Testing Only Bull Markets: Only backtesting during rising prices gives misleading results. Test across different market conditions including bear markets, sideways markets, and high volatility periods.

Over-Optimizing Parameters: Testing 100 parameter combinations and choosing the best one leads to overfitting. Test only 3-5 logical variations maximum to avoid curve-fitting.

Ignoring Drawdowns: Only looking at total return is dangerous. Maximum drawdown is as important as returns and shows the real risk of your strategy.

Too-Short Time Periods: Backtesting only 2-4 weeks isn't sufficient. Use a minimum of 3 months, preferably 6-12 months of data for reliable results.

Assuming Perfect Execution: Expecting exact entry/exit prices is unrealistic. Always include realistic costs and slippage in your backtests.

After Backtesting

If Results Are Good

Next step: Paper Trading - Don't go straight to live trading. Paper trade for 1-2 weeks minimum to verify live behavior matches your backtest, build confidence, then deploy small live positions.

Paper Trading Guide →

If Results Are Mixed

Options: Adjust parameters carefully, try different time periods, test a different strategy entirely, or combine with other strategies for diversification.

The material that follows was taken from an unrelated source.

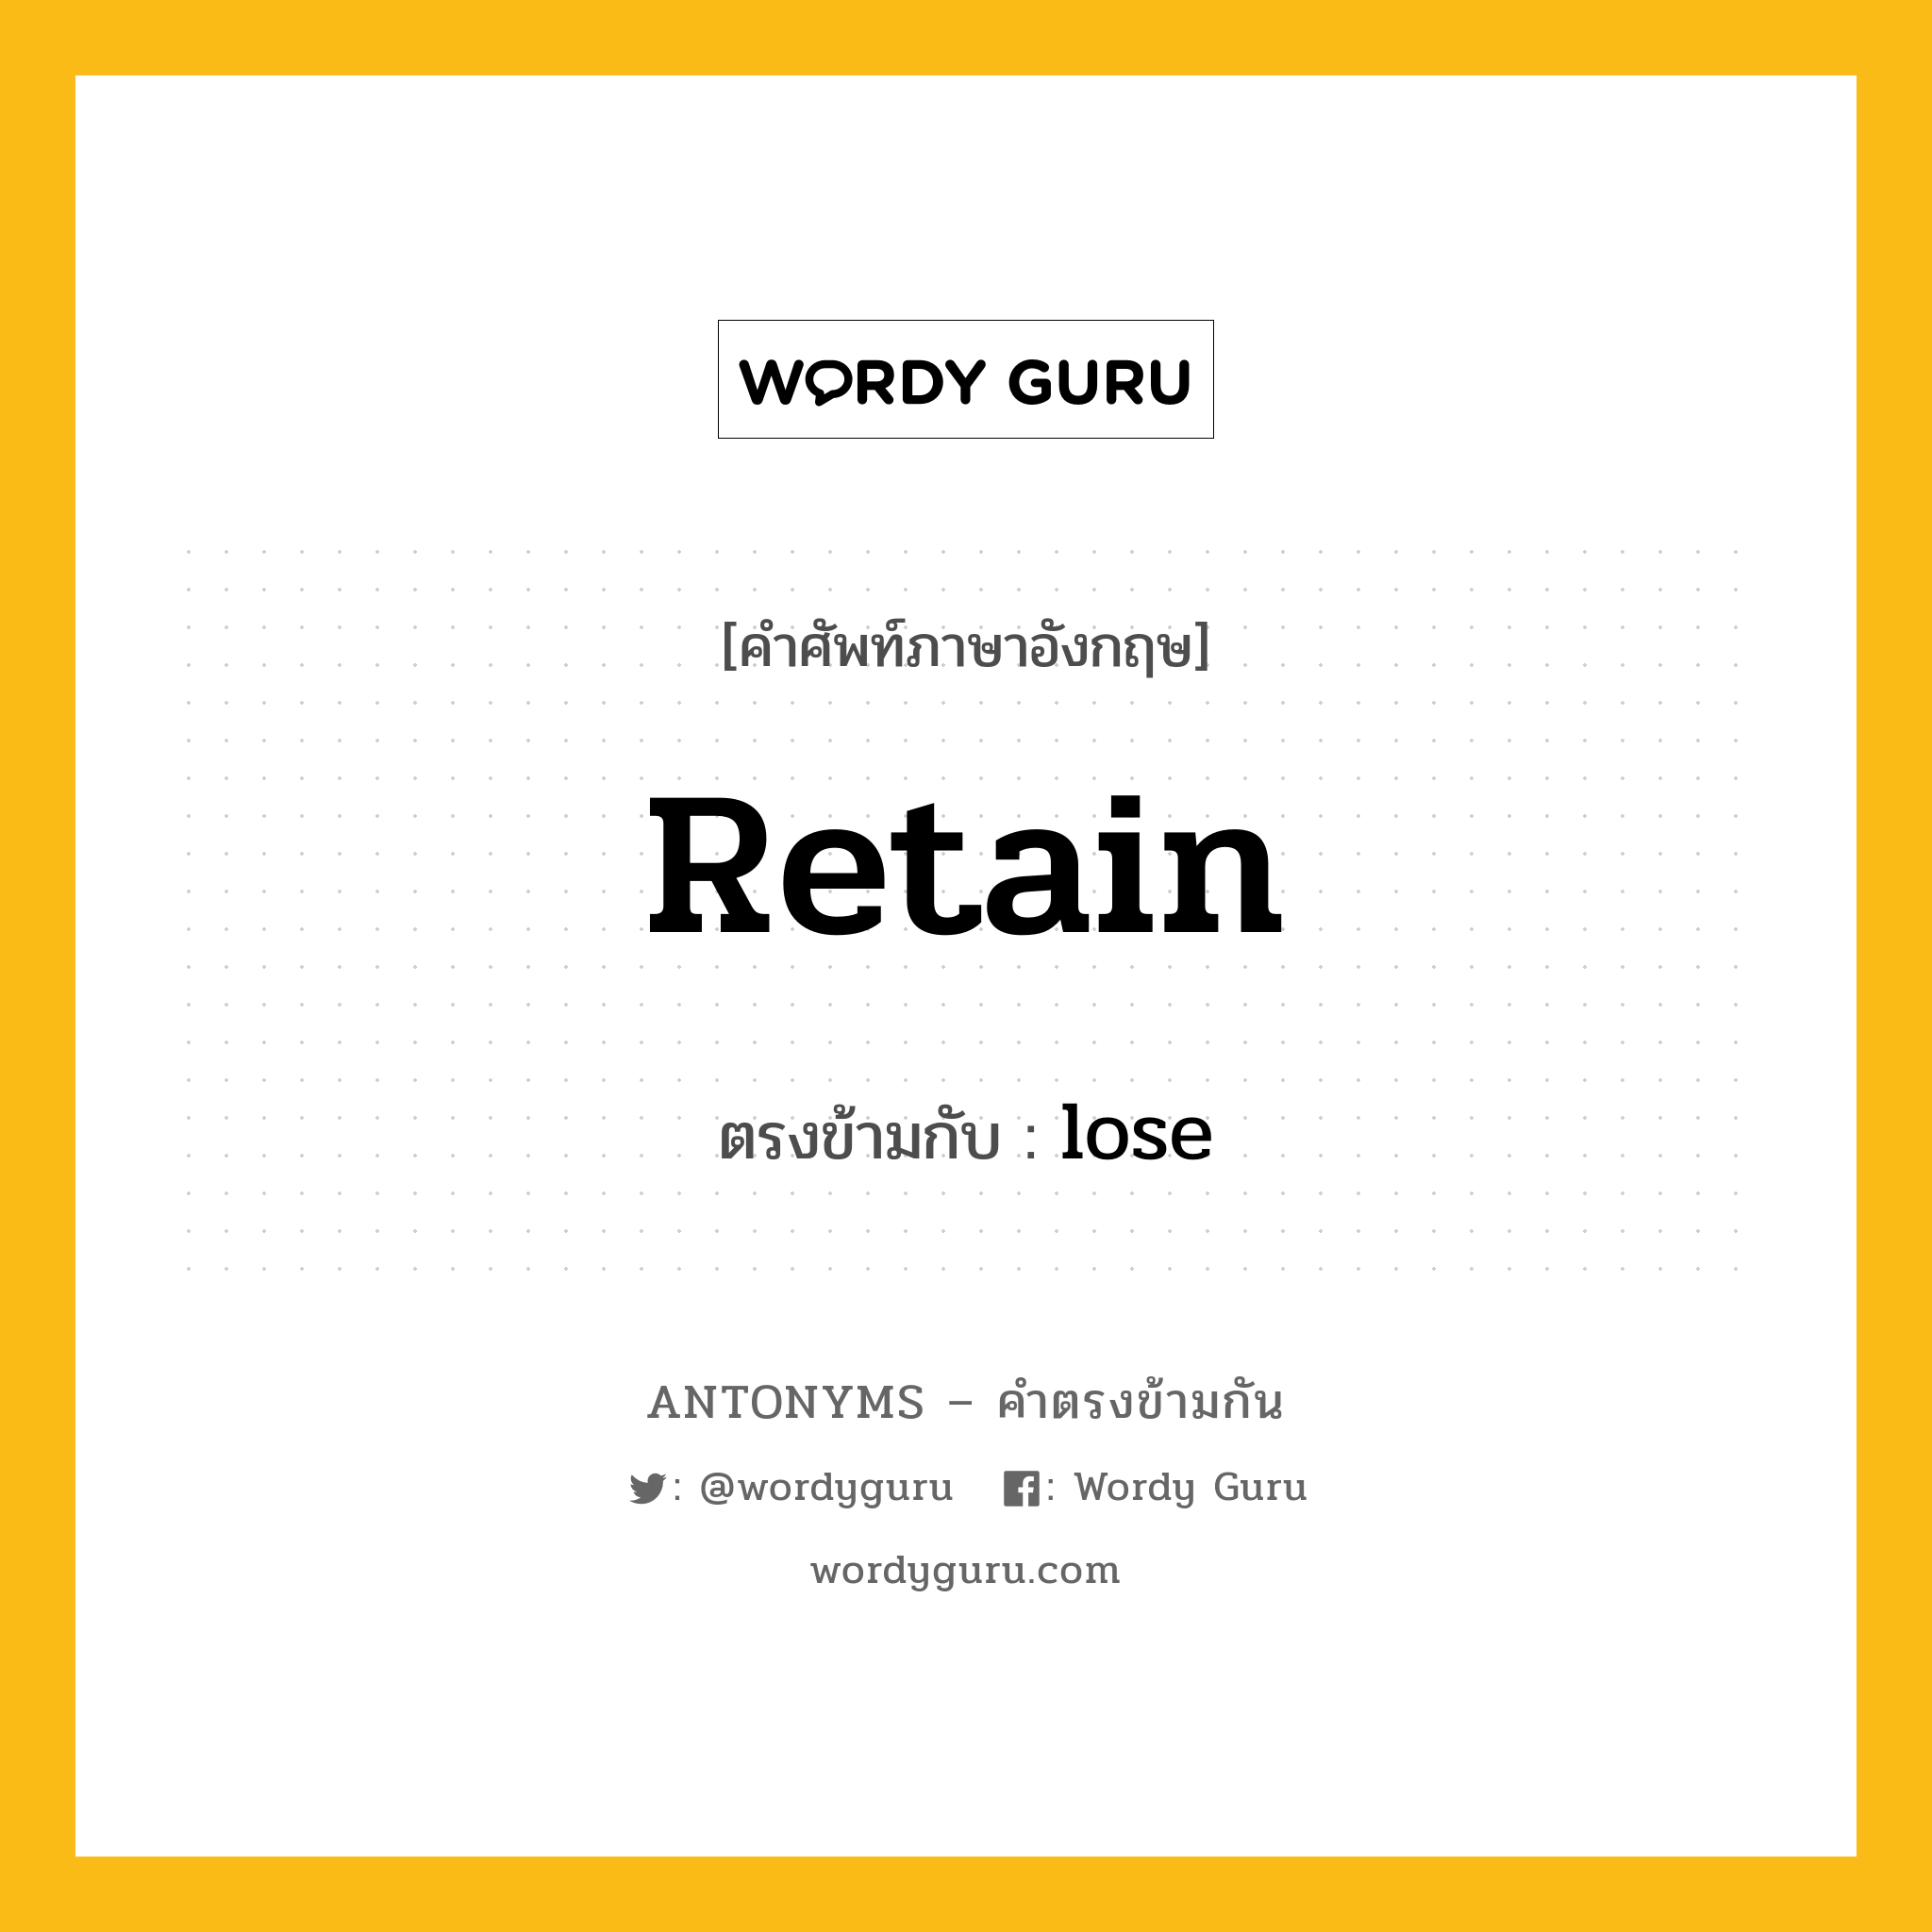 retain เป็นคำตรงข้ามกับคำไหนบ้าง?, คำศัพท์ภาษาอังกฤษ retain ตรงข้ามกับ lose หมวด lose
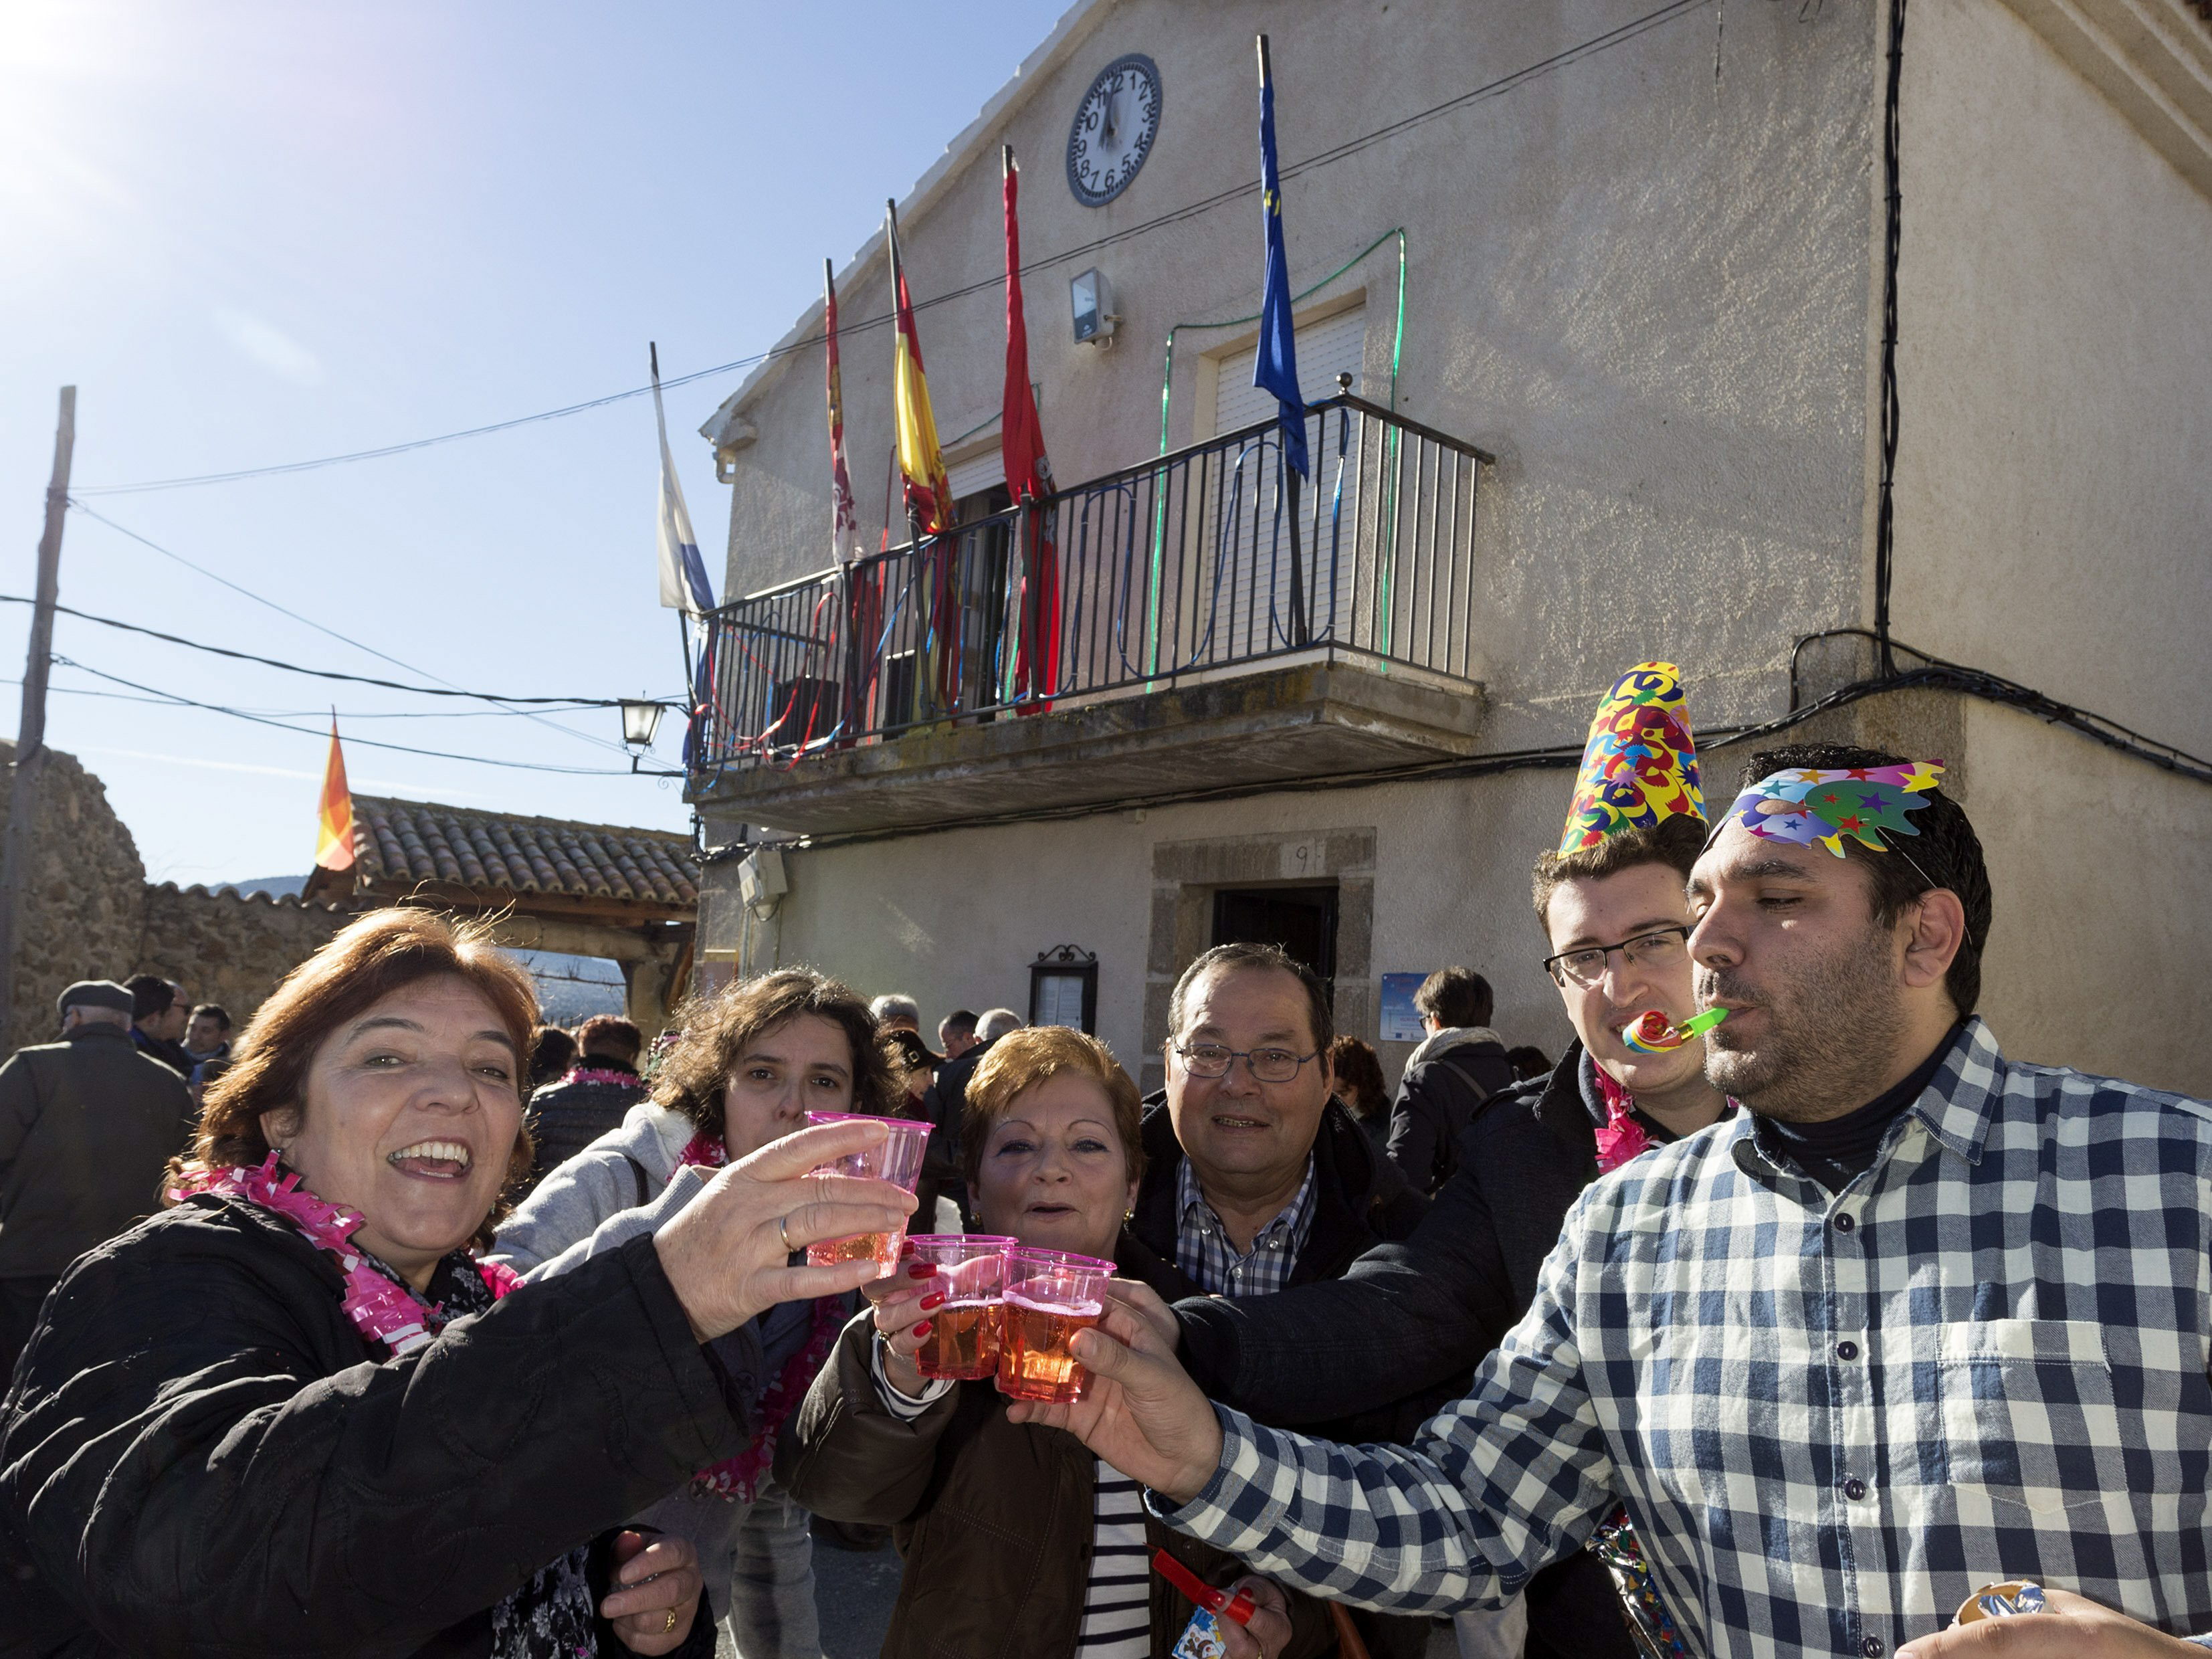 La tercera edad adelanta el año nuevo en Villar de Corneja, Ávila

Don't: Keep tweaking until "perfect," skip paper trading, or risk real money yet.

If Results Are Bad

Don't force it: Sometimes strategies simply don't work for certain markets. Try a completely different approach or accept that some ideas don't work in practice.

  • Better to know now than after losing money

Backtest Limitations

What Backtesting Can't Tell You

Future Market Conditions

  • Past performance ≠ future results

  • Markets change

  • New conditions emerge

Psychological Factors

  • How you'll handle real losses

  • Emotional discipline

  • Stress of real money

Exact Live Performance

  • Slippage varies

  • Liquidity changes

  • Technical issues can occur

Black Swan Events

  • Extreme market crashes

  • Exchange outages

  • Unprecedented volatility

Why You Still Need Paper Trading

Backtesting is essential but not sufficient:

  • Paper trading tests real-time execution

  • Reveals current market behavior

  • Builds psychological readiness

  • Final validation before live

Never skip paper trading.

Quick Checklist

Before Running Backtest

After Backtest Results

Next Steps

Passed Backtesting? Move to paper trading to validate in real-time. Paper Trading Guide →

Want to Optimize? Learn advanced parameter tuning. Strategy Optimization →

Analyze Deeply Understand performance metrics. Performance Analysis →


Backtesting is your first defense against bad strategies. Take it seriously, but remember it's only the first step in validation.